Other major Chinese cities are widely expected to follow suit and the measures come on the heels of some tax breaks on home and land transactions unveiled by China's finance ministry last week.
Beijing and Shanghai residents looking to sell an existing property will be exempt from paying the value-added tax so long as they have held onto it for more than two years, statements from local authorities said on Monday.
The two megacities also raised the standard for levying deed tax to properties larger than 140 square meters (1,500 square feet), up from 90.
Chinese policymakers urgently need to arrest a slump in the property market, once a key growth driver that at its peak accounted for around a quarter of economic activity. But a broader consumer and investor confidence crisis has glued prospective buyers' wallets shut.
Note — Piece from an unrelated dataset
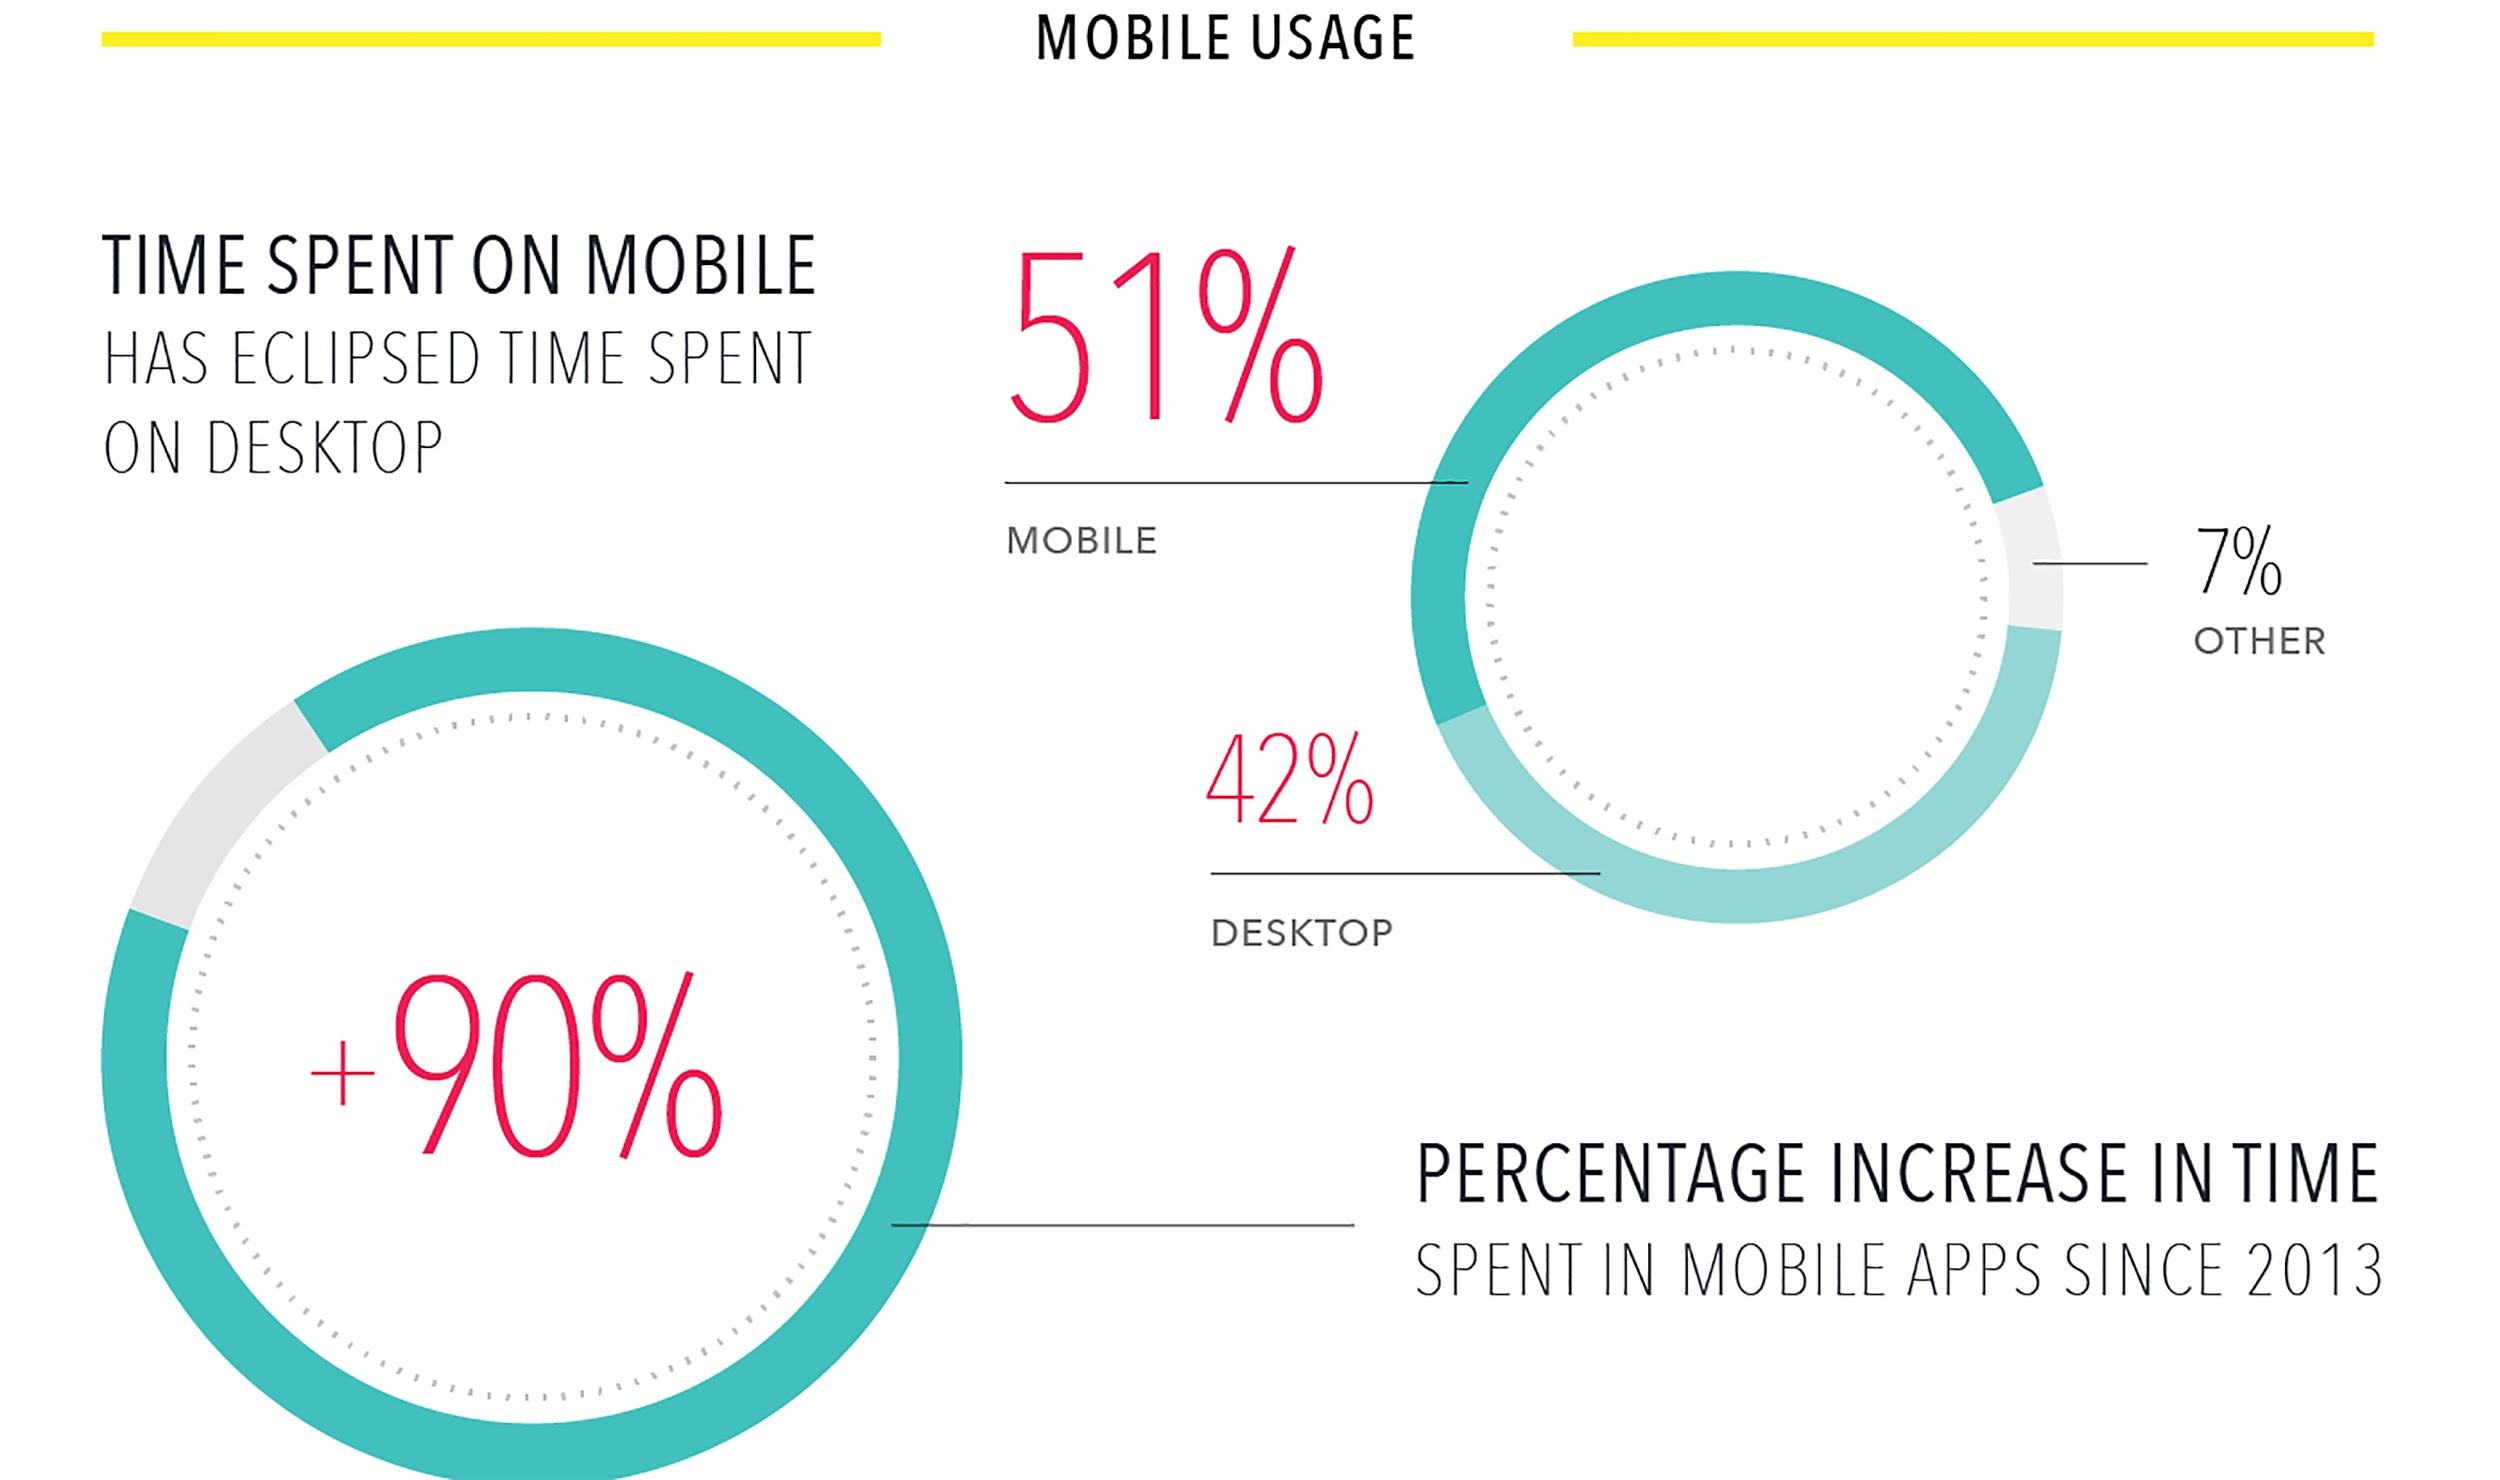 time spent on mobile devices in comparison to desktop

The steps by Beijing and Shanghai have done little to boost property stocks. China's real estate share index has lost about 1% so far this week while an index for Hong Kong-listed mainland property developers is roughly flat.
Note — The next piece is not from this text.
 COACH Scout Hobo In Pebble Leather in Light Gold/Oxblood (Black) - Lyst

The new measures this month come on top of a raft of rule changes for the property sector at the end of September, including a cut in the minimum down payment ratio to 15% for all housing categories and a relaxation in home purchase restrictions.
"The policy pivot since September has been effective in reviving demand and supporting housing and stock prices," said Xu Tianchen, senior economist at the Economist Intelligence Unit. "However, China's economy is not yet on a firm footing, and policy support has to be bold and sustained to revive confidence."
Zhang Dawei, an analyst at property agency Centaline, said confidence in near-term prospects for the country's real estate markets had improved.
"The property market in some cities, especially tier-one and tier-two cities, can be judged to have bottomed out, and the property market stabilization will be the trend," Zhang added.
Analysts also said, however, that officials will need to roll out further policy support to tackle the wider stresses dragging on consumer confidence.
"To reignite the growth engine of the property sector, policymakers must address residents' expectations regarding economic and income growth, and offer a more stable outlook on housing prices," said Bruce Pang, chief economist at JLL, a property consultancy company.
Other tax breaks announced by both Beijing and Shanghai include eliminating the distinction between so-called "ordinary" and "non-ordinary" housing when value-added taxes are levied on property sales. Shanghai will also eliminate the distinction when it levies personal income taxes on property sales.
"Non-ordinary" housing consists of properties of 144 square meters or larger which had previously been subject to higher taxes.